A DMA-bound kernel, where the model over-estimates the global load bytes. All the other most pessimistic cases are similar. This issue is present because the model does not model the assignment of CTAs to output tiles and the corresponding reuse of input tiles in the L2 cache when counting global loads. Due to time constraints, rather than model raster order and L2 cache directly, a knob was added to represent the global L2 hit rate across all reads. This change is almost certainly too heavy-handed, and a slightly more sophisticated L2 model could probably offer a lot better accuracy. Here are the results with L2 hit rate fixed at 0.4:

The change indeed reduced the gap for the most pessimistic cases. The change will not affect the predictions for math- or epilogue-bound cases. Now, the largest ratio is 1.2x for fp16 and fp8.

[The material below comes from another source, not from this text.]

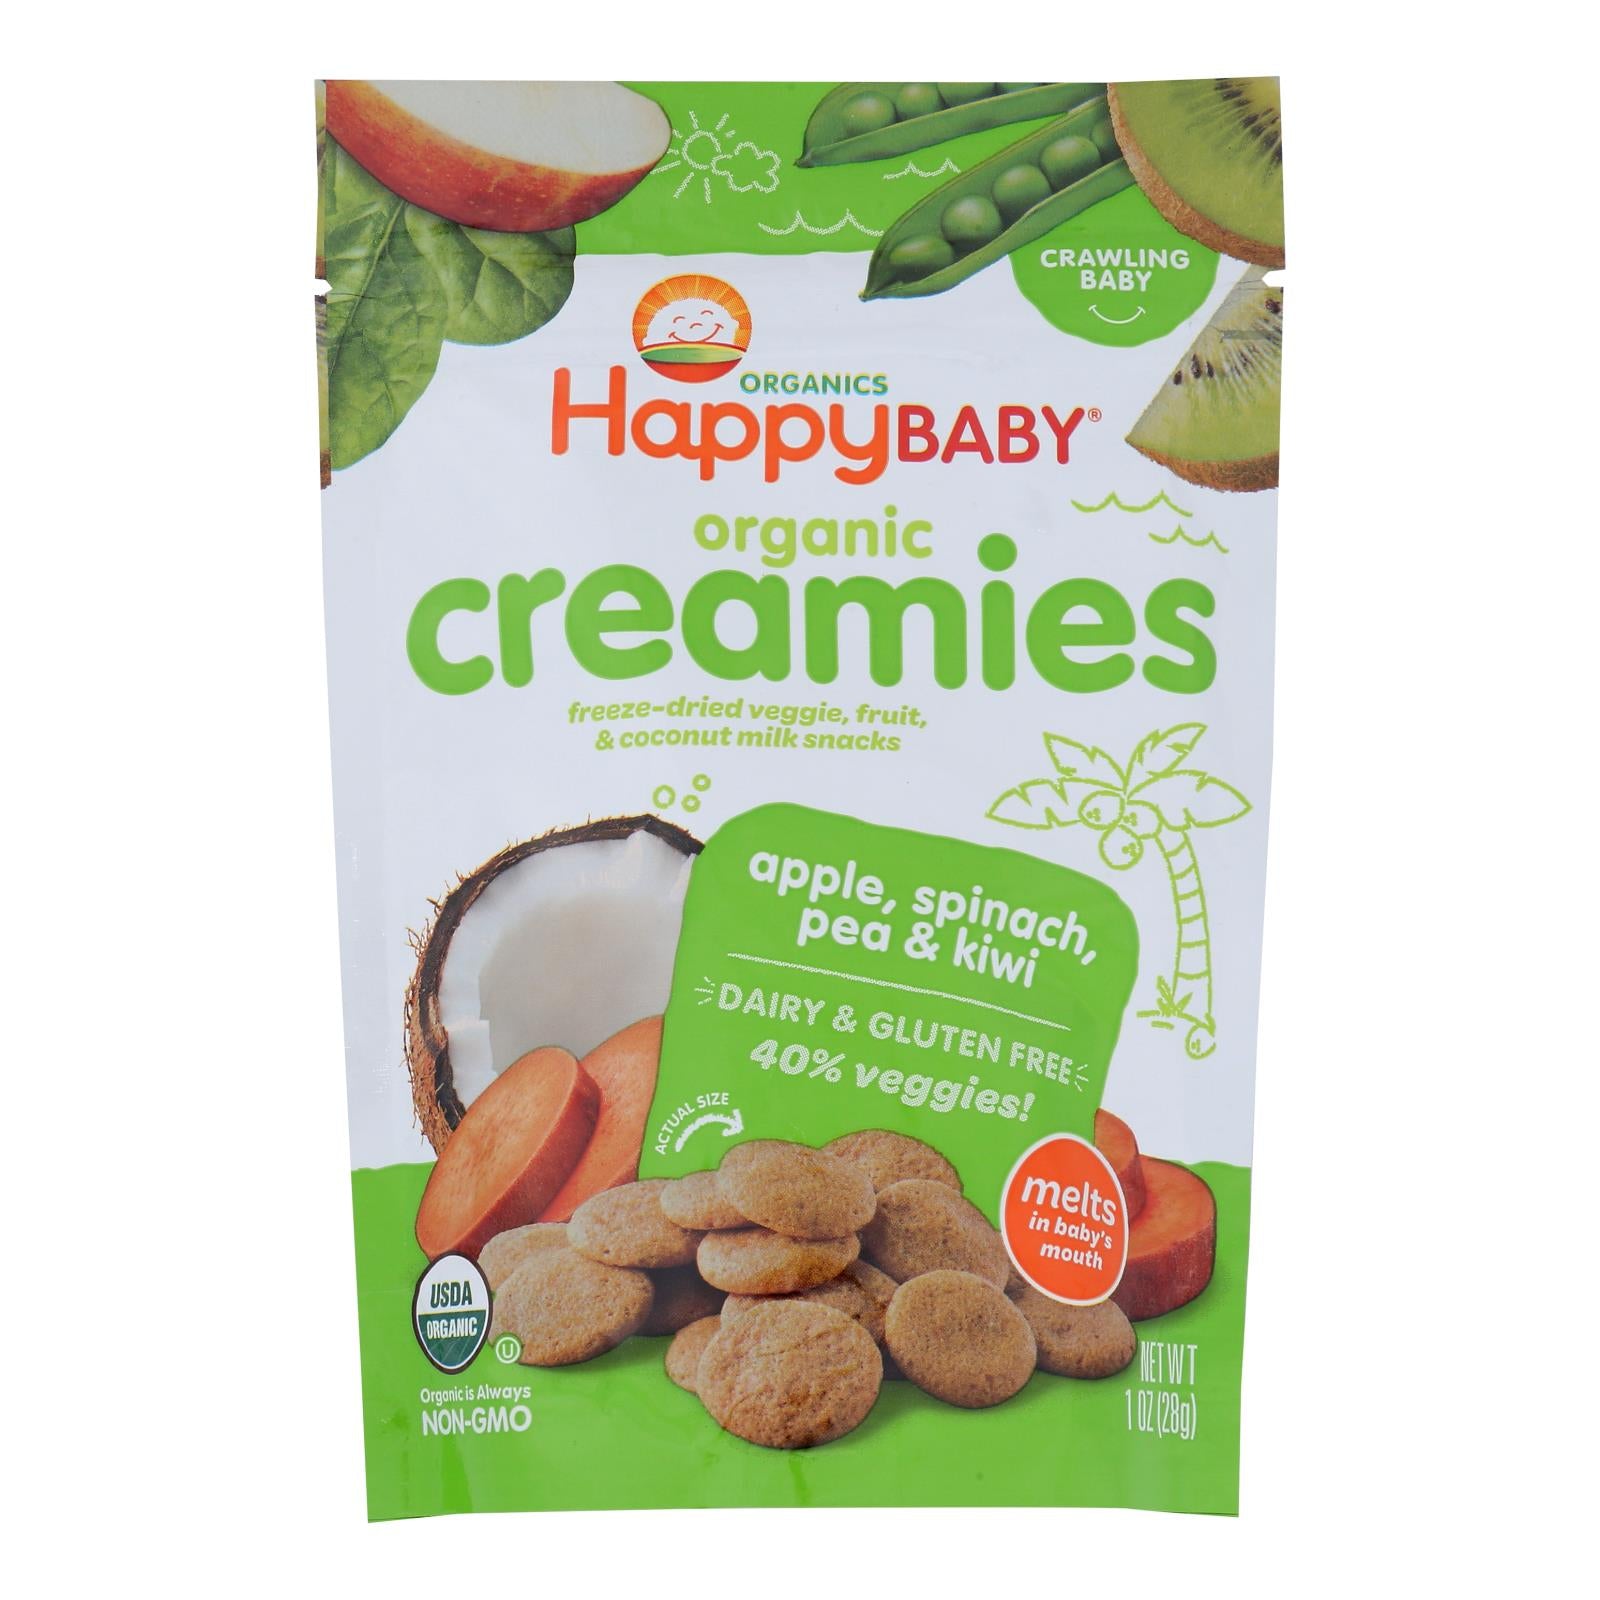 Happy Creamies Organic Snacks - Apple Spinach Pea Kiwi - Case of 8 - 1 oz

Now, let's take a look at the lowest-ratio (leftmost) case from fp8:

MNK 4096 7168 257
CTA (64 256)
CLUSTER (2 1)
RATIO: 0.5794853639180193
    predicted: 20.65007692307692
    actual: 35.63520014286041
PROLOGUE
    Overhead: 6.153846153846154
    DMA: 0.111
MAINLOOP
    Limiter: EPILOG
        DMA: 0.89146875
        MATH: 0.3953846153846154
        EPILOG: 1.0652307692307692
    Last Wave
        DMA: 0.096375
        MATH: 0.3953846153846154
        EPILOG: 0.8012307692307692

The K dimension is very small, so this kernel is epilogue-bound. Indeed, checking more of the low-ratio cases indicates the model poorly predicts epilogue-bound performance. Since the epilogue model used here is very simple (just a constant), it is expected that we achieve low accuracy for epilogue-bound shapes. One option would be to tune the estimated constant factor in the epilogue latency by collecting some empirical data. Another would be to model the epilogue in more detail by better reflecting the real kernel implementation.

Conclusion

The model presented here is a very simple representation of the perf-relevant structure of warp-specialized GEMM kernels, tested for B200 on several data types. It is a signficant improvement over a naive SOL model for predicting the performance of GEMM kernels of arbitrary shapes, improving from roughly 40-50% average ratio for the naive SOL model to around 80% for the custom model, with a much better worst-case ratio. The model as-written should be easily portable to different hardware (i.e. Hopper or RTX Blackwell) and extensible to other algorithms (i.e. implicit_gemm or GEMM+X). With additional details about the hardware and software, the model accuracy can be improved. Based on the results, the following additions would improve the accuracy for the worst-predicted cases:

• L2 cache
• CTA raterization
• More detailed epilogue model
• SM-level limiter, with empirical data about the throughput of different HW units (i.e. can a specific tile size be bound on L2 or SMEM?)